In [44]: result = interp_center_to_left(grid, chunked_y, axis=[["X"]], dask="parallelized")

(We could also have passed the dask kwarg to the @as_grid_ufunc decorator, and it would have been bound to the new function in the same way that the boundary kwargs work.)

The dask graph in this case is simple, because this is an “embarrasingly parallel” problem.

result.data.visualize(optimize_graph=True)
Dask task graph for parallelizing along a broadcast dimension

The result is as expected from padding each row independently.

In [45]: result.compute()
Out[45]: 
<xarray.DataArray 'x_c' (y: 4, x_g: 9)>
array([[4. , 0.5, 1.5, 2.5, 3.5, 4.5, 5.5, 6.5, 7.5],
       [4. , 0.5, 1.5, 2.5, 3.5, 4.5, 5.5, 6.5, 7.5],
       [4. , 0.5, 1.5, 2.5, 3.5, 4.5, 5.5, 6.5, 7.5],
       [4. , 0.5, 1.5, 2.5, 3.5, 4.5, 5.5, 6.5, 7.5]])
Coordinates:
  * x_g      (x_g) float64 0.5 1.5 2.5 3.5 4.5 5.5 6.5 7.5 8.5
Dimensions without coordinates: y

Parallelizing Along Core Dimensions#

The other case is for when your data is chunked along the axis over which you want to apply your ufunc (a “core” dimension”).

In [46]: chunked_x = da_2d.chunk({"x_c": 2})

In [47]: chunked_x
Out[47]: 
<xarray.DataArray 'x_c' (y: 4, x_c: 9)>
dask.array<xarray-<this-array>, shape=(4, 9), dtype=int64, chunksize=(4, 2), chunktype=numpy.ndarray>
Coordinates:
  * x_c      (x_c) int64 1 2 3 4 5 6 7 8 9
Dimensions without coordinates: y

XGCM can also parallelize this case, by calling dask.map_overlap. You tell it to invoke dask.map_overlap by passing dask="parallelized" and map_overlap=True.

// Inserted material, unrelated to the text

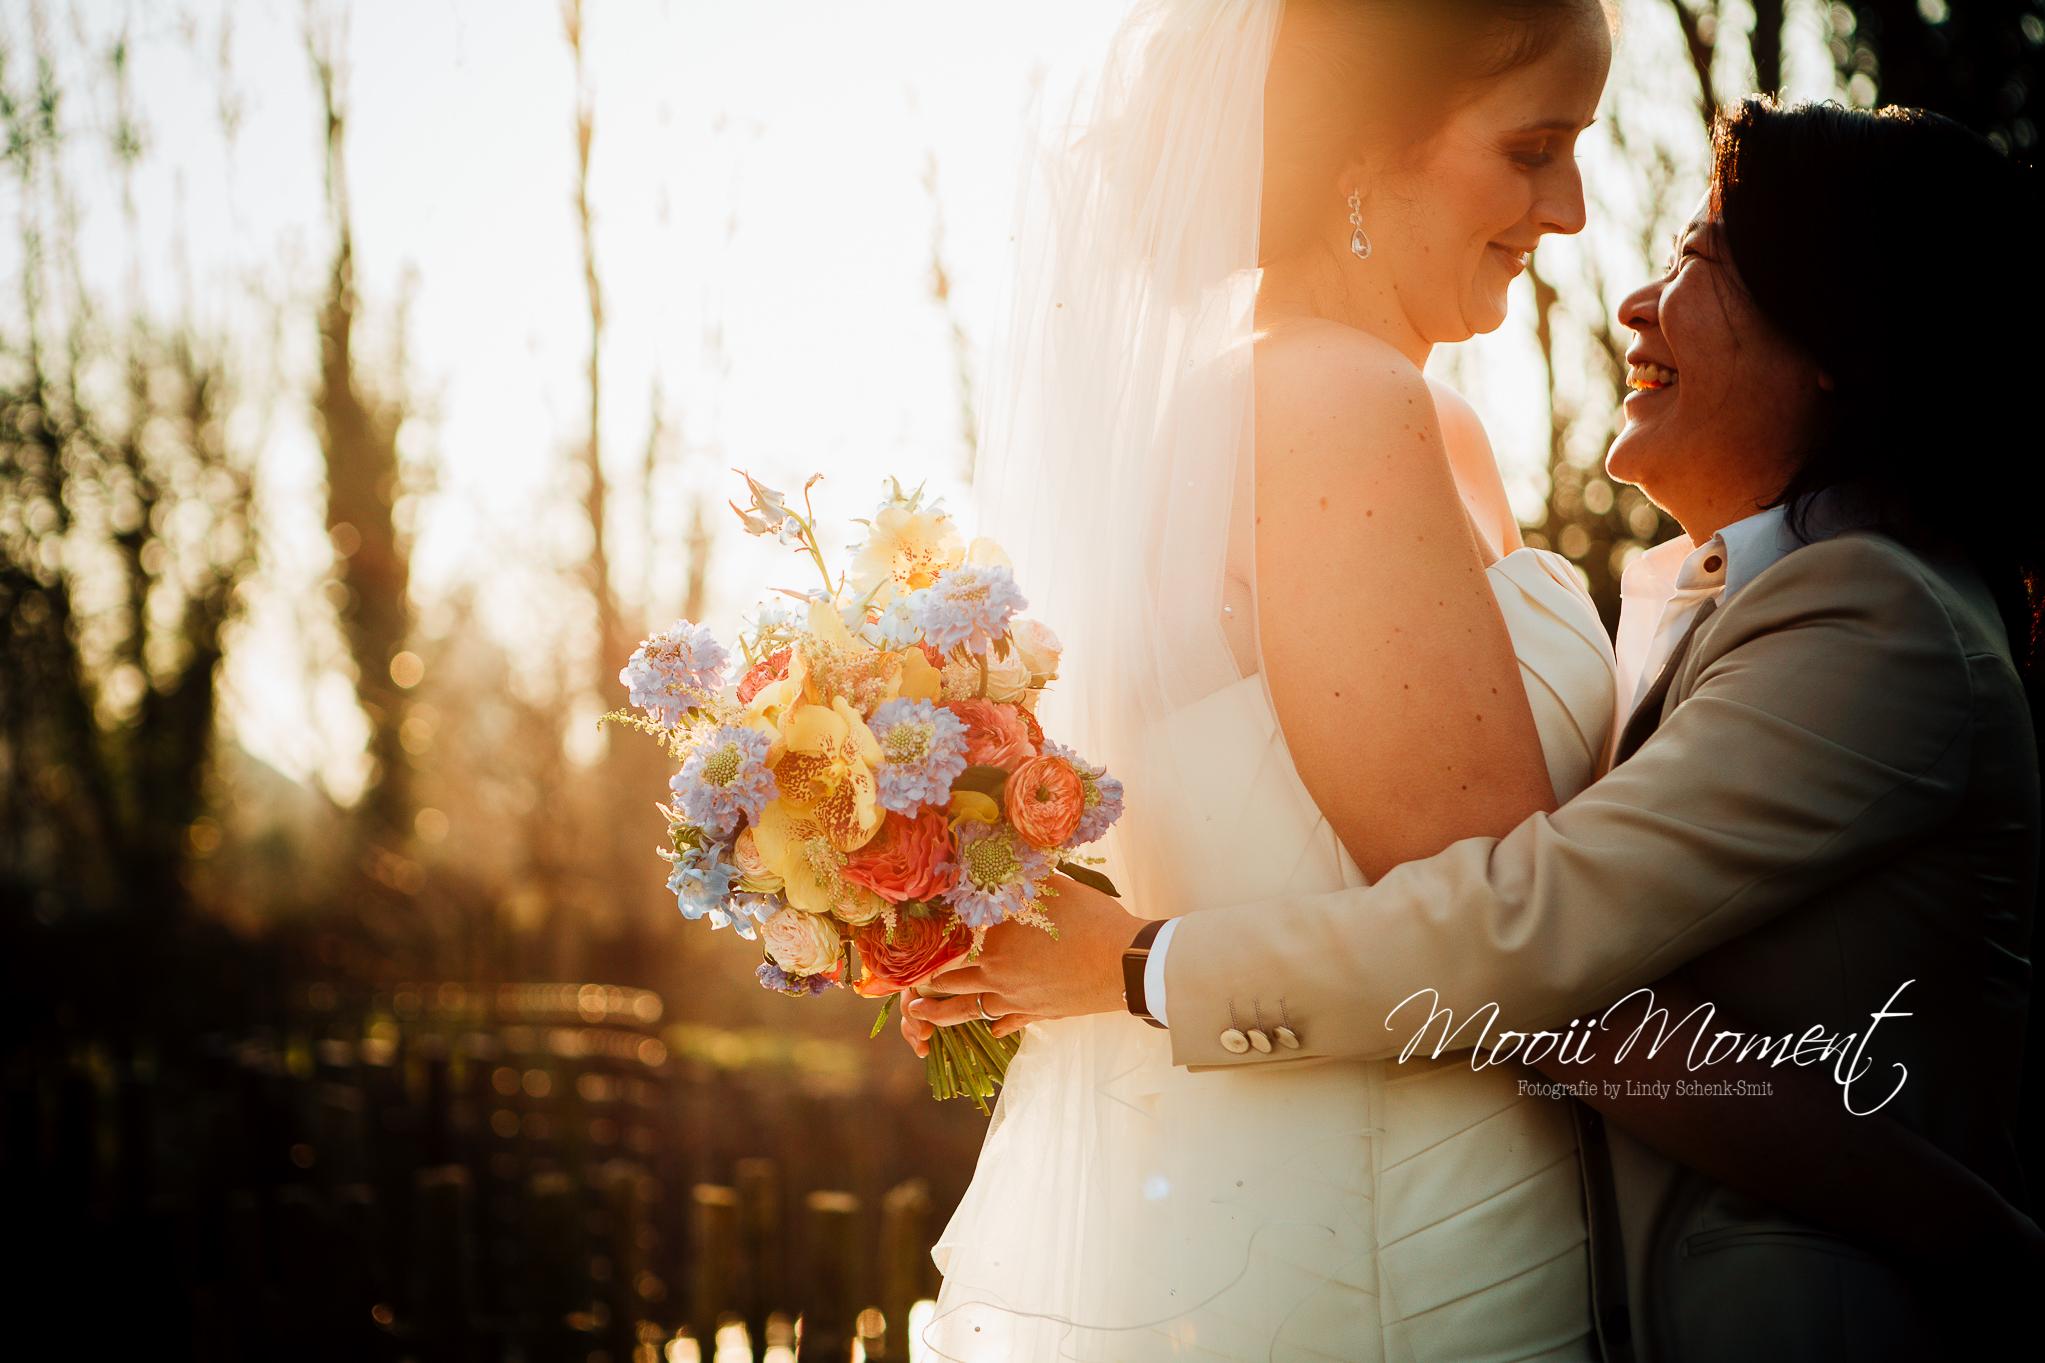 Bruidsreportage de Fabriek Zuidermeer 18-02-2018

In [48]: result = interp_center_to_left(
   ....:     grid, chunked_x, axis=[["X"]], dask="allowed", map_overlap=True
   ....: )
   ....: 

If your ufunc operates on individual chunks independently, then dask.map_blocks would have been sufficient, but the possibility of padding boundaries means that dask.map_overlap is required. The dask graph is more complicated, because each chunk along the core dim needs to communicate its boundary_width elements to adjacent chunks.

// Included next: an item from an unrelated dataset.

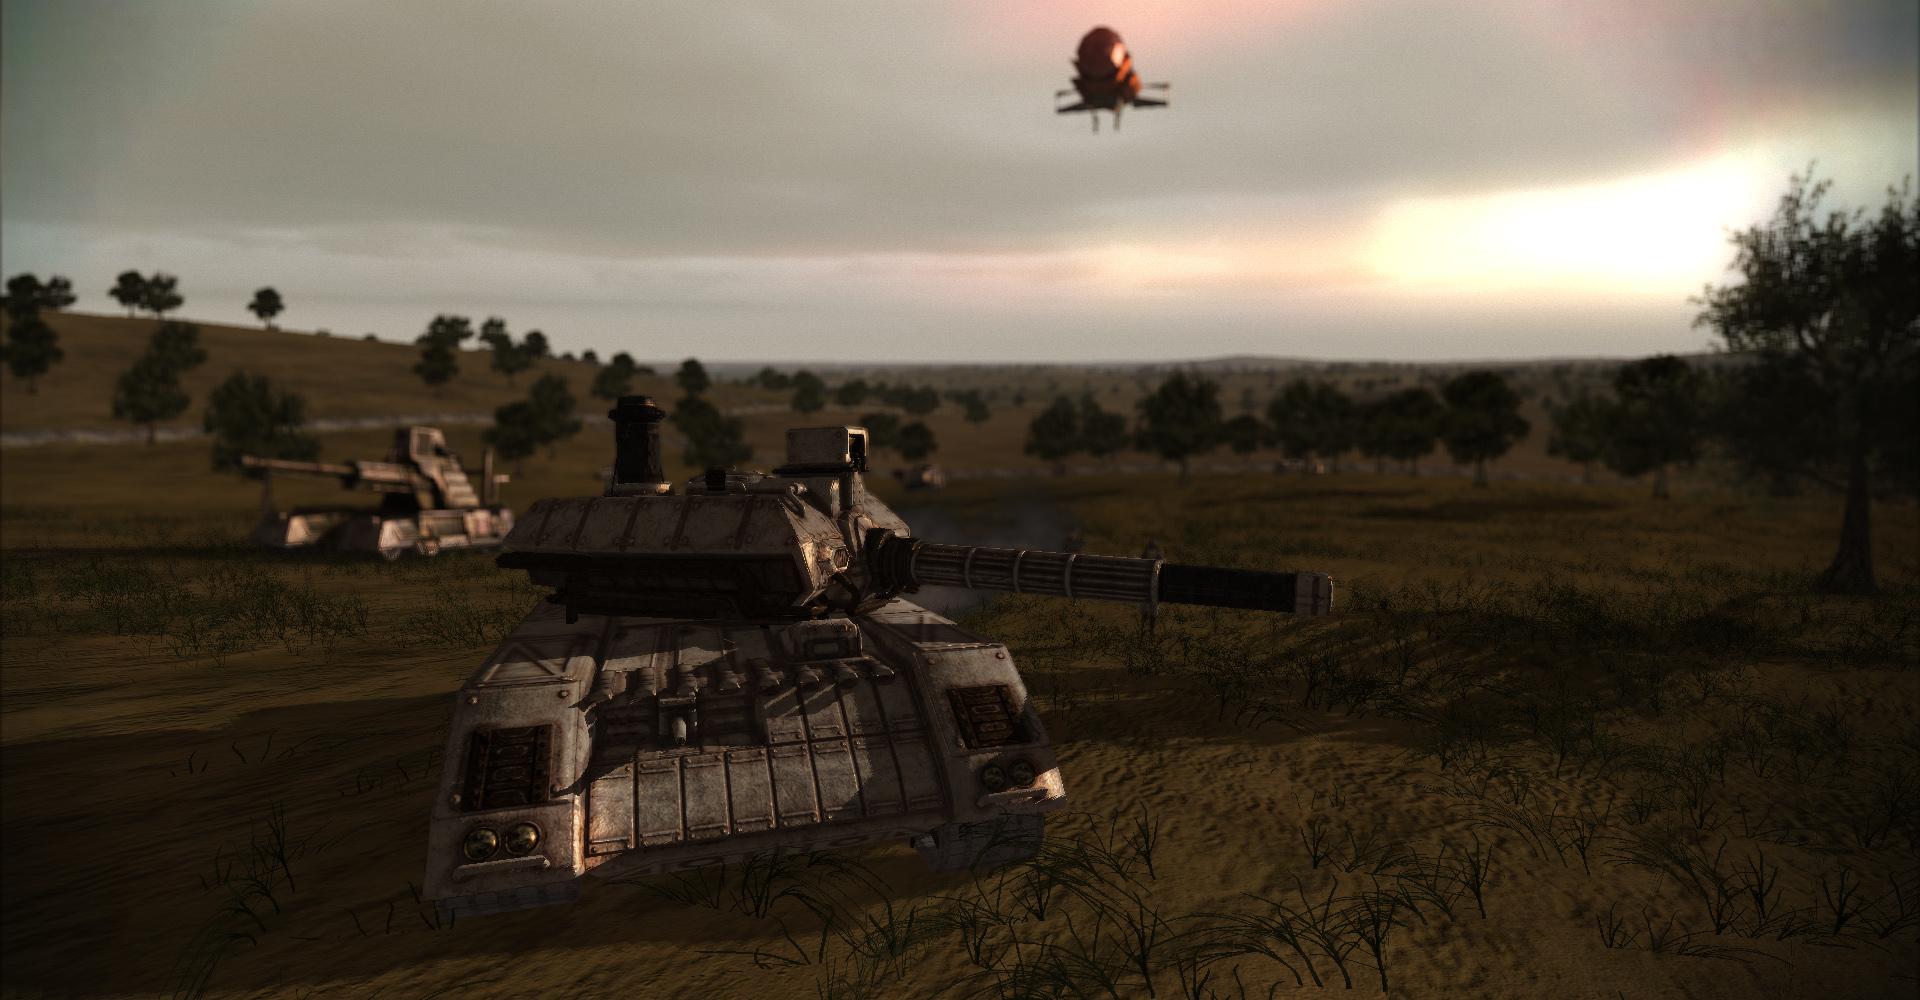 Gettysburg_Armored_Warfare_Tank.jpg

result.data.visualize(optimize_graph=True)
Dask task graph for parallelizing along a core dimension
In [49]: result.compute()
Out[49]: 
<xarray.DataArray 'x_c' (y: 4, x_g: 9)>
array([[4. , 0.5, 1.5, 2.5, 3.5, 4.5, 5.5, 6.5, 7.5],
       [4. , 0.5, 1.5, 2.5, 3.5, 4.5, 5.5, 6.5, 7.5],
       [4. , 0.5, 1.5, 2.5, 3.5, 4.5, 5.5, 6.5, 7.5],
       [4. , 0.5, 1.5, 2.5, 3.5, 4.5, 5.5, 6.5, 7.5]])
Coordinates:
  * x_g      (x_g) float64 0.5 1.5 2.5 3.5 4.5 5.5 6.5 7.5 8.5
Dimensions without coordinates: y

There is one limitation of this feature: you cannot use map_overlap with grid ufuncs that change length along a core dimension (e.g. by shifting axis positions from center to outer). XGCM will raise an error if you try to do this.